Tomy Carbonell

Personal information
- Full name: Tomás Carbonell del Río
- Date of birth: 23 February 2005 (age 21)
- Place of birth: Barcelona, Spain
- Height: 1.83 m (6 ft 0 in)
- Position: Midfielder

Team information
- Current team: Real Sociedad B
- Number: 14

Youth career
- Cabrera
- 2013–2014: Espanyol
- 2014–2018: Barcelona
- 2018–2020: Cornellà
- 2020–2024: Badalona

Senior career*
- Years: Team / Apps / (Gls)
- 2024: Badalona / 3 / (0)
- 2024: Real Sociedad C / 2 / (0)
- 2024–: Real Sociedad B / 69 / (1)

= Tomy Carbonell =

Spanish footballer (born 2005)

Tomás "Tomy" Carbonell del Río (born 23 February 2005) is a Spanish footballer who plays as a midfielder for Real Sociedad B.

==Career==
Born in Barcelona, Catalonia, Carbonell began his career with Cabrera and played for Espanyol, before joining Barcelona's La Masia in 2014, aged nine. After captaining the 2005 generation, he left the latter in 2018, and subsequently represented Cornellà and Badalona as a youth.

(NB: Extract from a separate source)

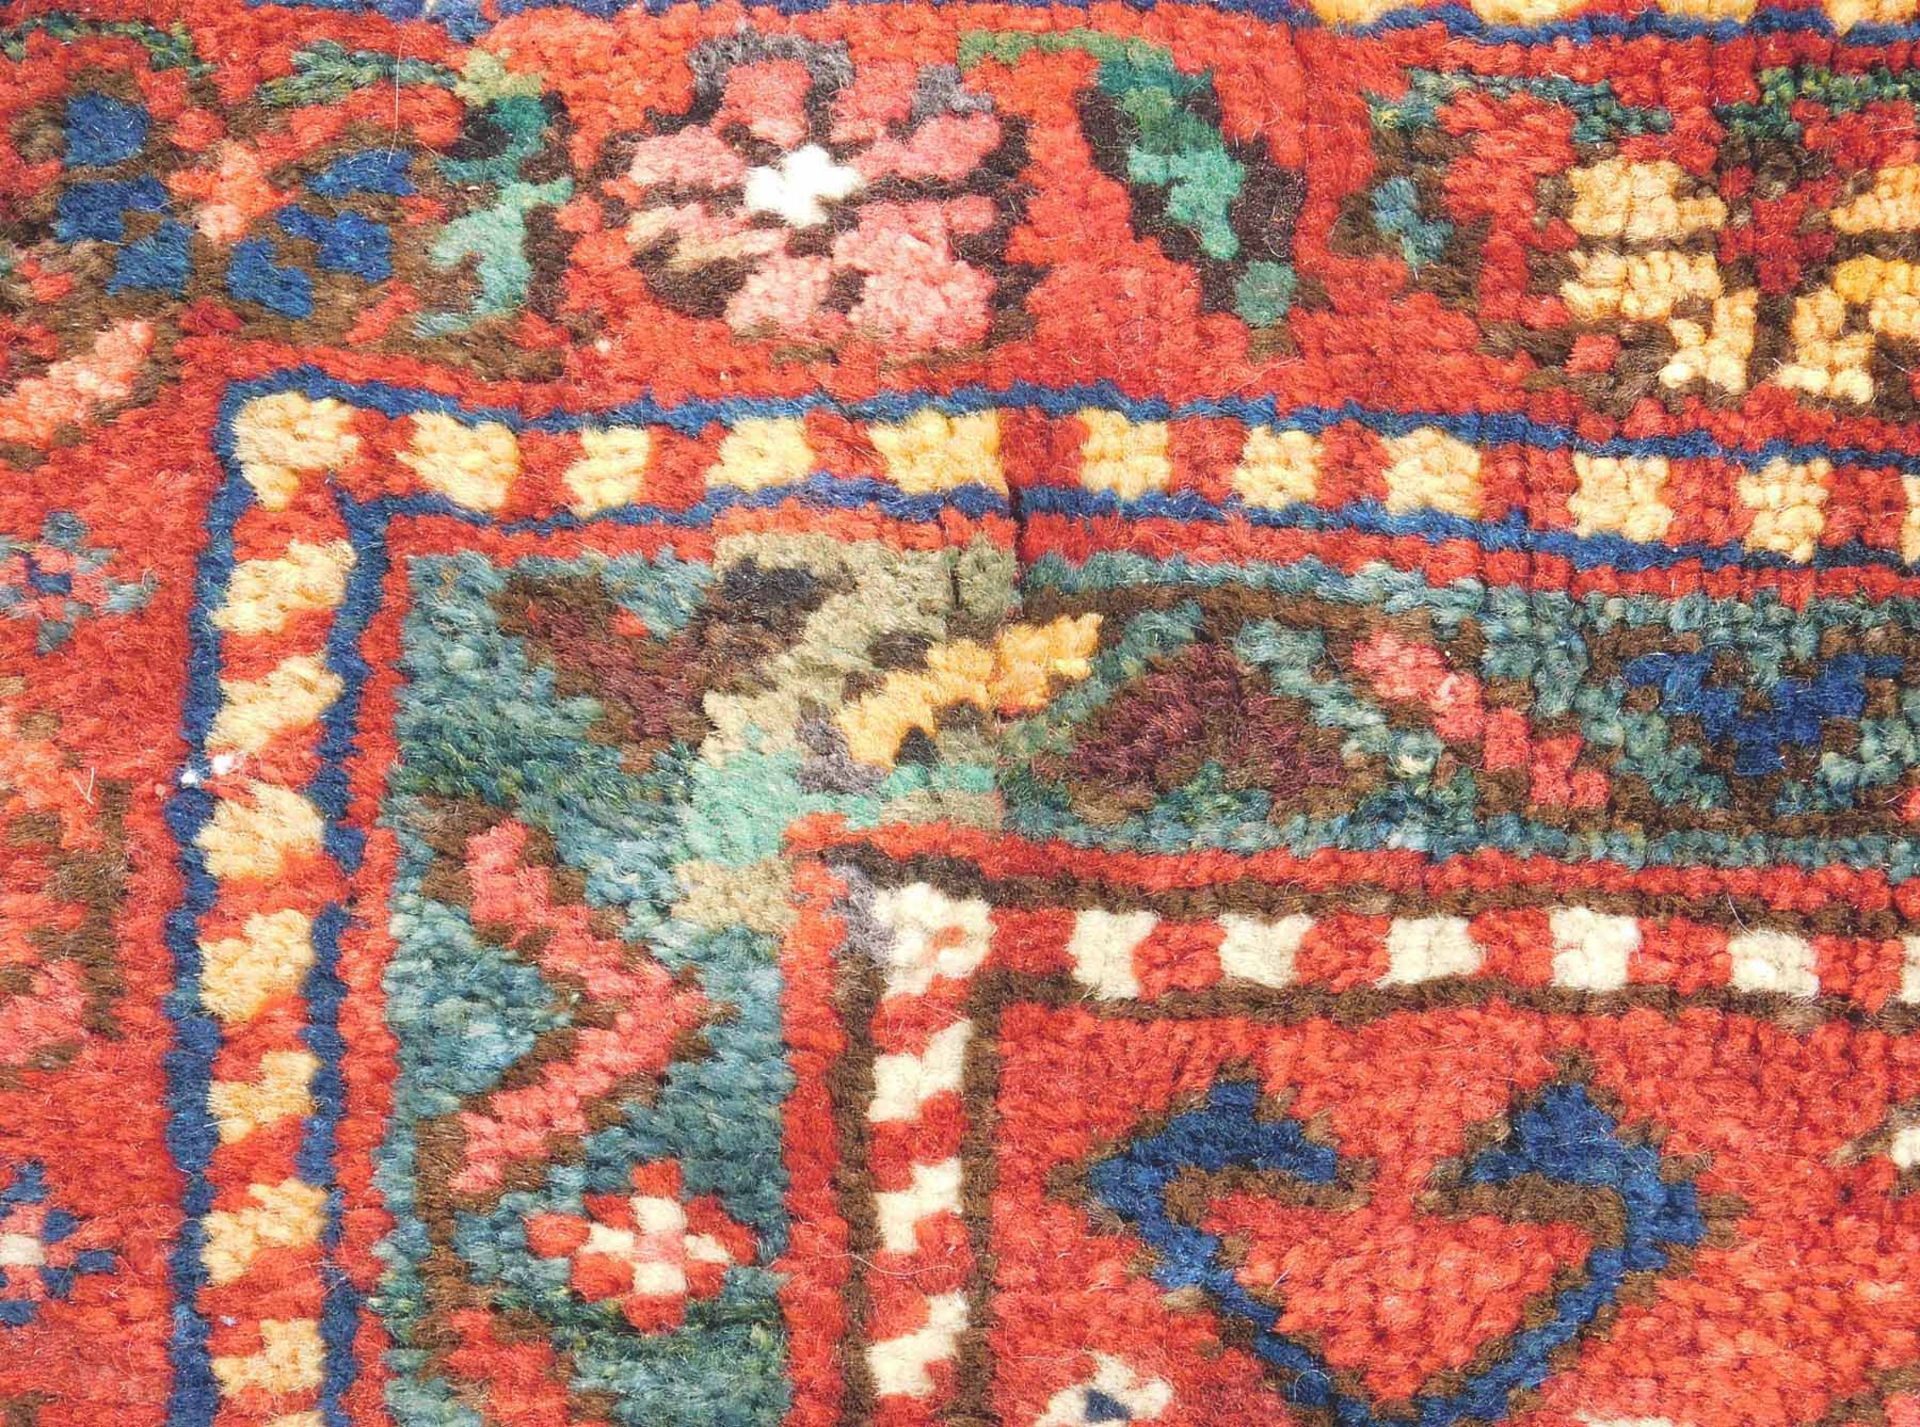 Shah - Savan Persian rug. Pocket front. Iran. Antique, around 1900.94 cm x 132 cm. One side hand- - Image 6 of 7

After impressing in the Juvenil squad of Badalona, Carbonell made his first team debut on 14 January 2024, coming on as a half-time substitute for Willy Chatiliez in a 2–1 Tercera Federación home win over Grama. After a further two appearances, he joined Real Sociedad on 3 July, being initially assigned to the C-team in the Segunda Federación.

Albeit a member of the C's, Carbonell would establish himself as a starter with the reserves in the Primera Federación, contributing with 38 appearances overall during the season as the side achieved promotion to the Segunda División.

==Personal life==
Carbonell's father, also named Tomás, was a professional tennis player and later became a sports commentator.